Phase I was executed in 2019, with vetoes on sales of US firms-made advanced chips to certain Chinese companies (with Huawei the most visible).
Phase II was engaged in 2020, when controls were extended to chips made using US technologies, whatever the manufacturer’s nationality. This came after Chinese firms demonstrated their quick reaction capacity for designing their own semiconductors – targeting their inability, nevertheless, to have them produced for lack of national advanced « founders » (the firms manufacturing chips on indications of fabless designers).
Phase III was decided in 2022, with controls on US technologies-using production equipment for certain categories of semiconductors. It was motivated by China accelerating its efforts to develop its own semiconductors industrial chain, including foundry.
Phase IV comes today to complement that Phase III. Netherlands’ ASML and a handful of Japanese companies being the only non-US major manufacturers of advanced semiconductors manufacturing equipment, they are the only alternative for China to acquire machines for upgrading its founders, and giving them ability to produce advanced chips.

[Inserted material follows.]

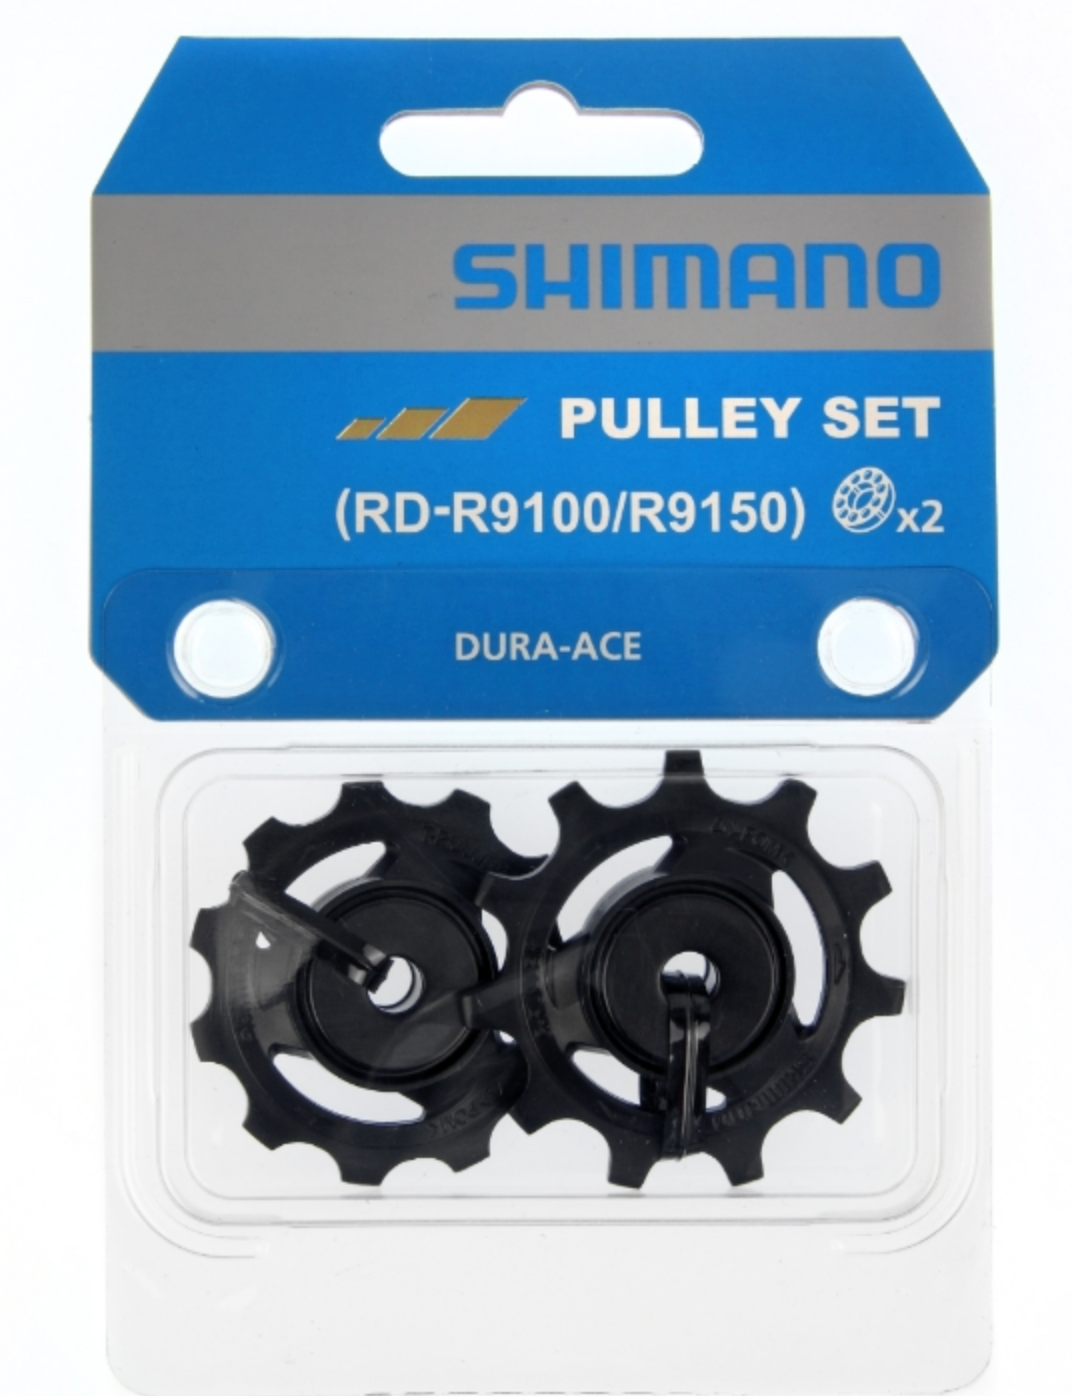 Pulley Set Dura-Ace RD-9100

The (major) question of extent
Whereas agreement seems to have been reached between the US, Japan and the Netherlands on the principle of controls, an important question remaining is wether Tokyo and The Hague will exert vetoes to the same extent as Washington.
Japan and the Netherlands may consider only equipment for making the most advanced chips justify veto, with mid-end equipment implying no threat and leaving room for balancing their relation with China.
The US view is very different, anticipating the building of its own semiconductors manufacturing industry by China, and the decisive role mid-end equipment may play on the learning curve toward that goal.
No doubt Beijing will make all efforts to convince the Japanese and Netherlands governments that only the short term matters.